Boston Common, James Kidder, 1829
When the British finally sailed home; the long Revolutionary War concluded, the people got their common back. Boston Common evolved into a public space used for personal recreation, patriotic speeches, entertainment & even romance, although sheep were not banished from the Common until 1830.
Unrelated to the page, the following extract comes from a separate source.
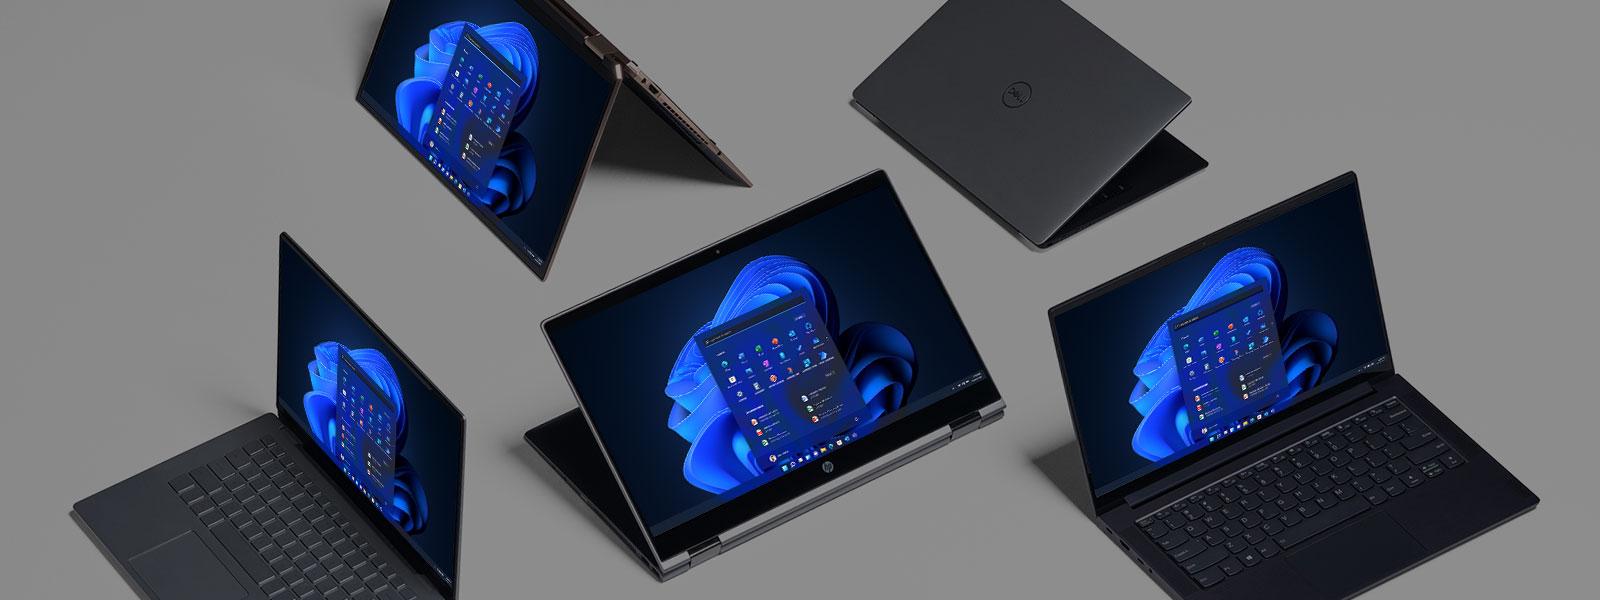 Række af 5 Windows 11-computere

The Boston Common satisfied most Bostonian's desires in a public garden. Townsfolk & visitors strolled, bowled, played quoits, and celebrated public occasions on their common. The actor William Priest noted, "The favourite promenade of Bostonians, is the Mall, which has trees on each side, as in St. James Park, London. This walk commands some beautiful prospects of the adjacent continent."
Boston Common
In 1785, some Bostonians felt the need for a little more variety in their entertainment. A subscription campaign to open a "Musick-house at the fool of the common...with music by the band from 7 to 10" when "many ladies and gentlemen were present...on the green around the building."
Clever entrepeneurs in both Boston & New York opened their commercial public pleasure gardens contiguous to existing public greens, thereby expanding the size of the area around their establishments. In Boston, the Selectmen allowed "Upon the Petition of a number of the respectable Inhabitants that Mr. Thomas Pool may be permitted to perform his Feats of Horsemanship in the Town...provided the same be done in a proper enclosure." The "proper enclosure" was near the mall.
Boston Common's Great Elm Tree
By 1817, Washington Gardens "near the Mall" developed into a full-fledged commercial gardens serving the "very best Soda Water and Ice Creams." The proprietor, Mr. J. H. Schaffer proudly informed "the Ladies and Gentlemen of Boston, and strangers who may be in town, that he has, at a very considerable expense, prepared the Gardens...with that wonderful and ingenious Invention, the GAS LIGHTS."